Colorectal Polyps

Colorectal Polyps
Colorectal Polyps

Overview Of Colorectal Polyps

A colorectal polyp is a growth on the lining of the colon or rectum.

Commonly Associated With

Intestinal polyps; Polyps – colorectal; Adenomatous polyps; Hyperplastic polyps; Villous adenomas; Serrated polyp; Serrated adenoma; Precancerous polyps; Colon cancer – polyps; Bleeding – colorectal polyps

Causes Of Colorectal Polyps

Polyps of the colon and rectum are most often benign. This means they are not cancer. You may have one or many polyps. They become more common with age. There are many types of polyps.

Adenomatous polyps are a common type. They are gland-like growths that develop on the mucous membrane that lines the large intestine.

Colorectal polyp are also called adenomas and are most often one of the following:

  • Tubular polyp, which protrudes out in the lumen (open space) of the colon
  • Villous adenoma, which is sometimes flat and spreading, and is more likely to become a cancer
  • When adenomas become cancerous, they are known as adenocarcinomas. Adenocarcinomas are cancers that originate in glandular tissue cells. Adenocarcinoma is the most common type of colorectal cancer.

Other types of polyps are:

  • Hyperplastic polyps, which rarely, if ever, develop into cancer
  • Serrated polyps, which are less common, but may develop into cancer over time

Polyps bigger than 1 centimeter (cm) have a higher cancer risk than polyps smaller than 1 centimeter. Risk factors include:

  • Age
  • Family history of colon cancer or polyps
  • A type of polyp called villous adenoma

A small number of people with colorectal polyps may also be linked to some inherited disorders, including:

  • Familial adenomatous polyposis (FAP)
  • Gardner syndrome (a type of FAP)
  • Juvenile polyposis (a disease that causes many benign growths in the intestine, usually before 20 years old)
  • Lynch syndrome (HNPCC, a disease that raises the chance of many types of cancer, including in the intestine)
  • Peutz-Jeghers syndrome (a disease that causes intestinal polyps, usually in the small intestine and usually benign)

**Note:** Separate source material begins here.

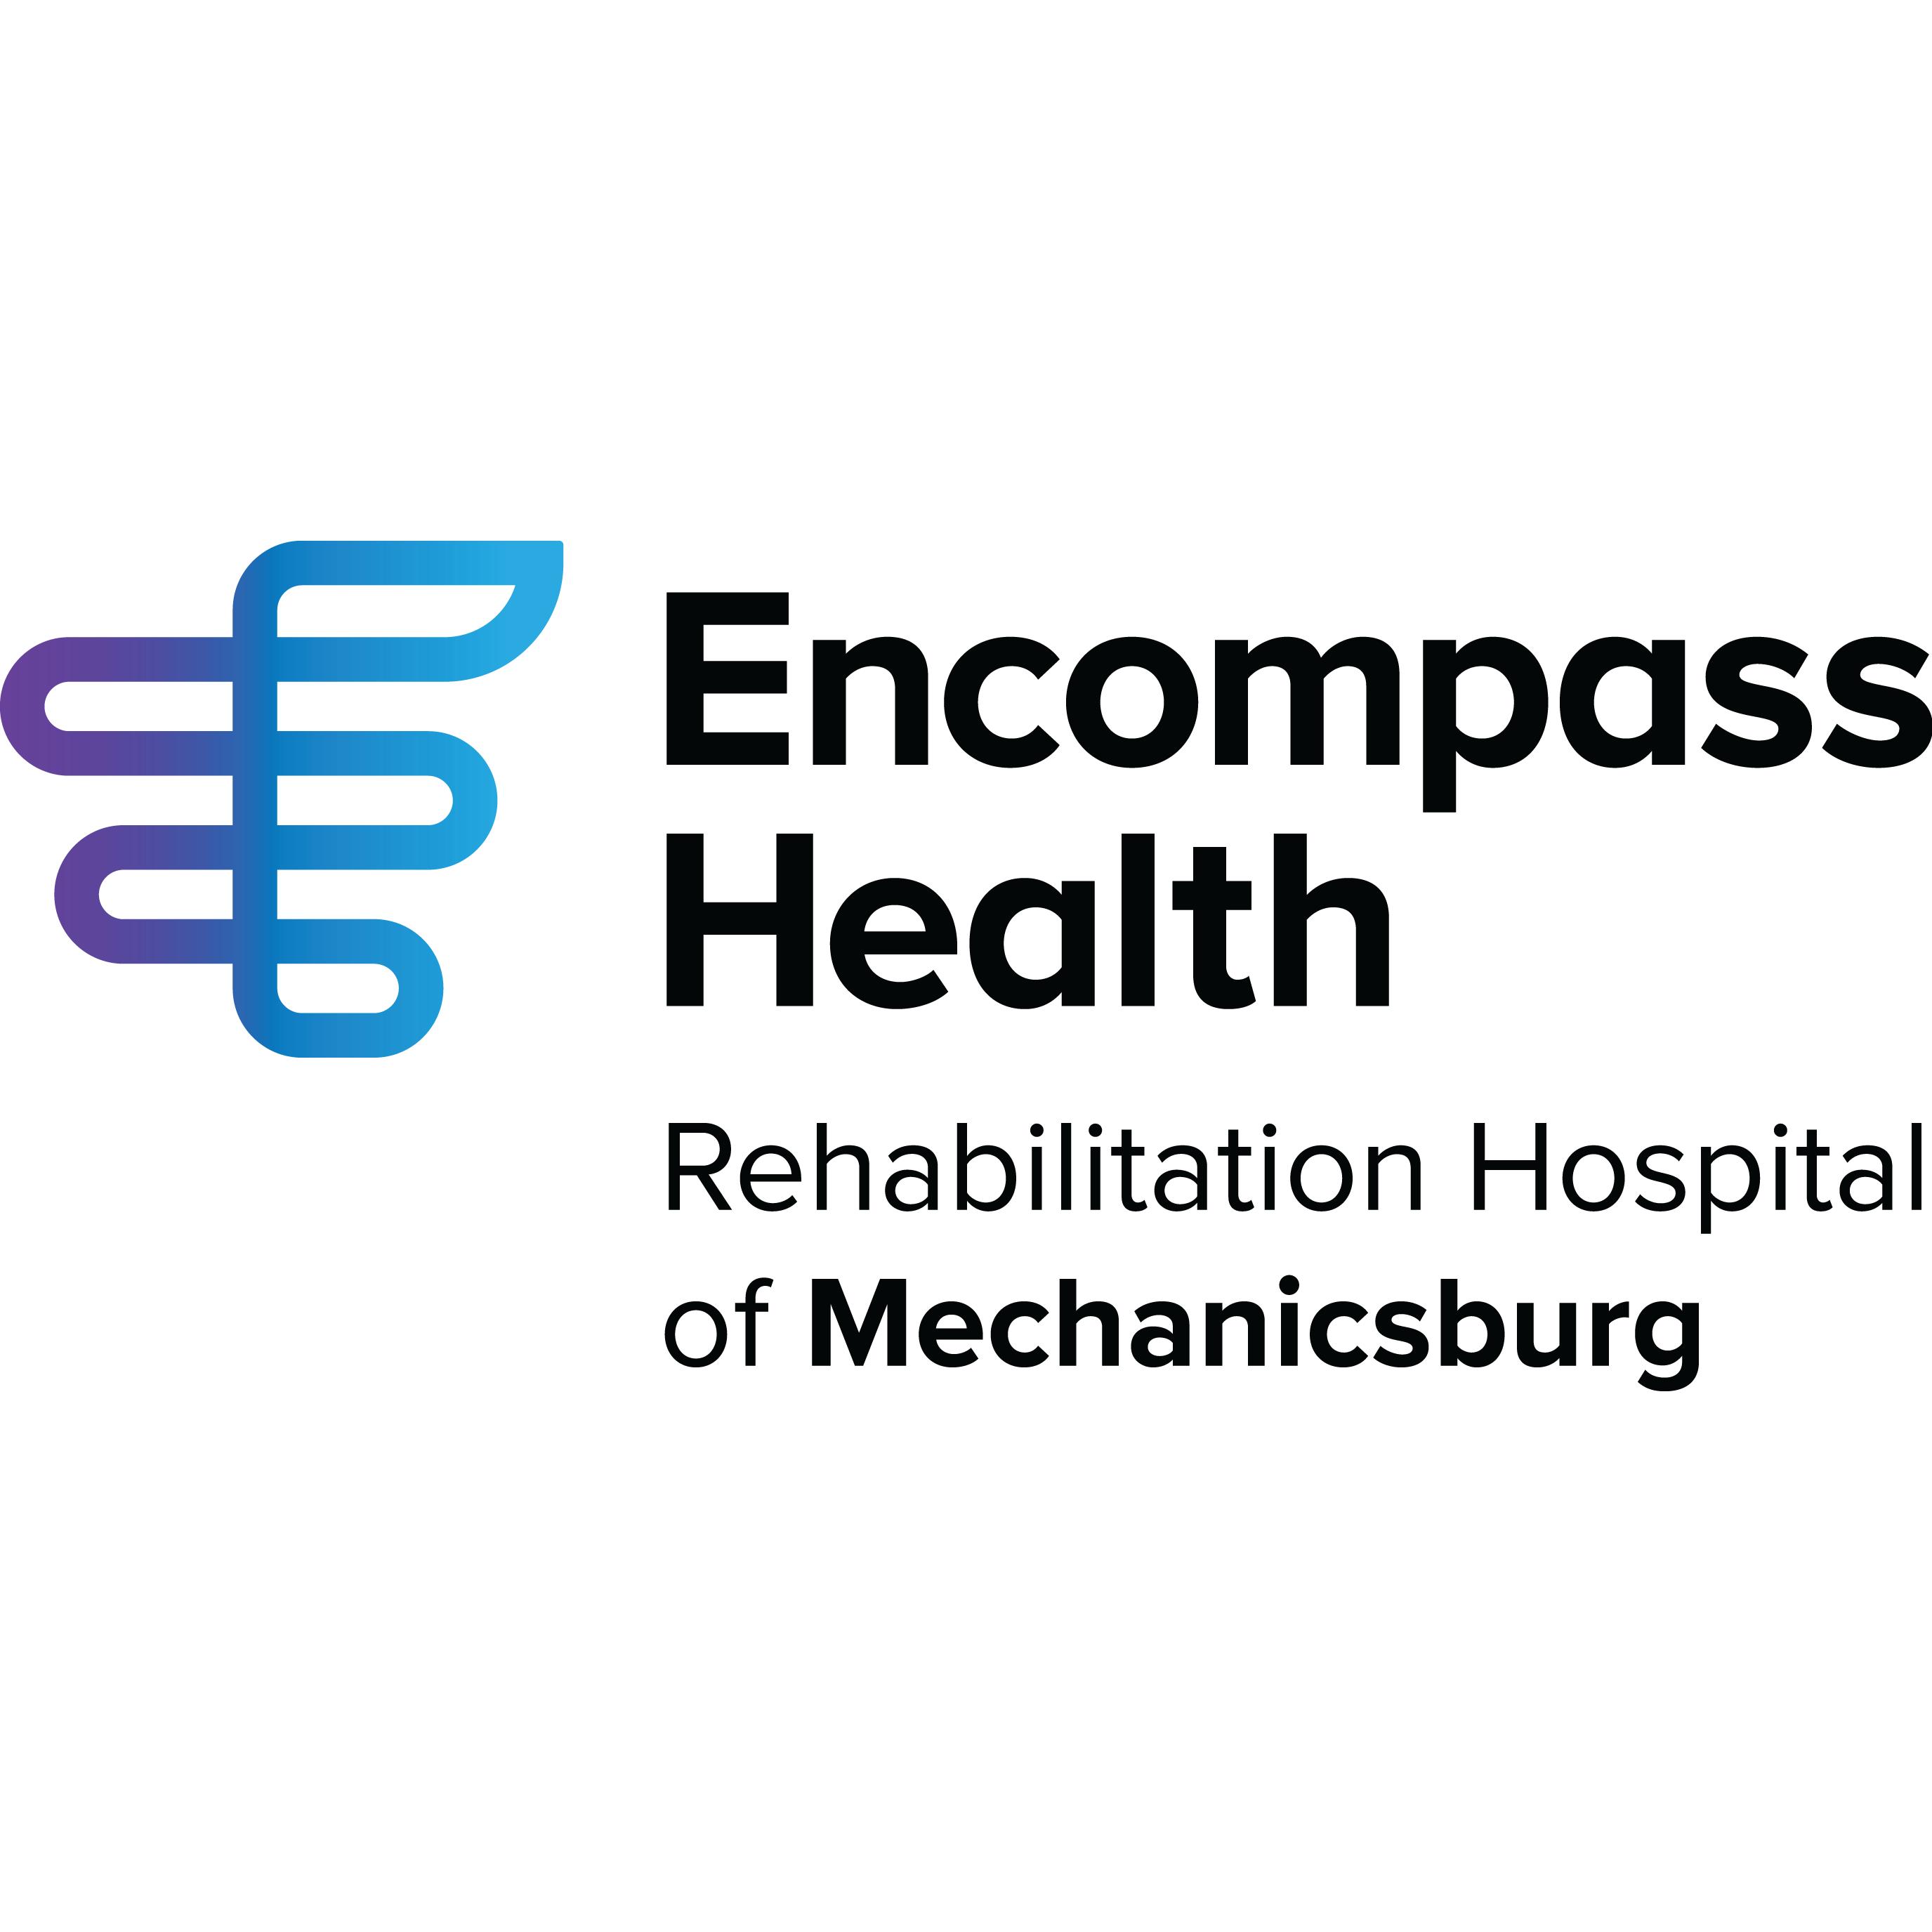 Encompass Health Rehabilitation Hospital of Mechanicsburg

Symptoms Of Colorectal Polyps

Polyps usually do not have symptoms. When present, symptoms may include:

  • Blood in the stools
  • Change in bowel habit
  • Fatigue caused by losing blood over time

Exams & Tests

Your health care provider will perform a physical exam. A large polyp in the rectum may be felt during a rectal exam.

Most polyps are found with the following tests:

  • Barium enema (rarely done)
  • Colonoscopy
  • Sigmoidoscopy
  • Stool test for hidden (occult) blood
  • Virtual colonoscopy
  • Stool DNA test
  • Fecal immunochemical test (FIT)

Treatment Of Colorectal Polyps

Colorectal polyps should be removed because some can develop into cancer. In most cases, the polyps may be removed during a colonoscopy.

For people with adenomatous polyps, new polyps can appear in the future. You should have a repeat colonoscopy, usually 1 to 10 years later, depending on:

  • Your age and general health
  • Number of polyps you had
  • Size and type of the polyps
  • Family history of polyps or cancer
  • In rare cases, when polyps are very likely to turn into cancer or too large to remove during colonoscopy, the provider will recommend a colectomy. This is surgery to remove part of the colon that has the polyps.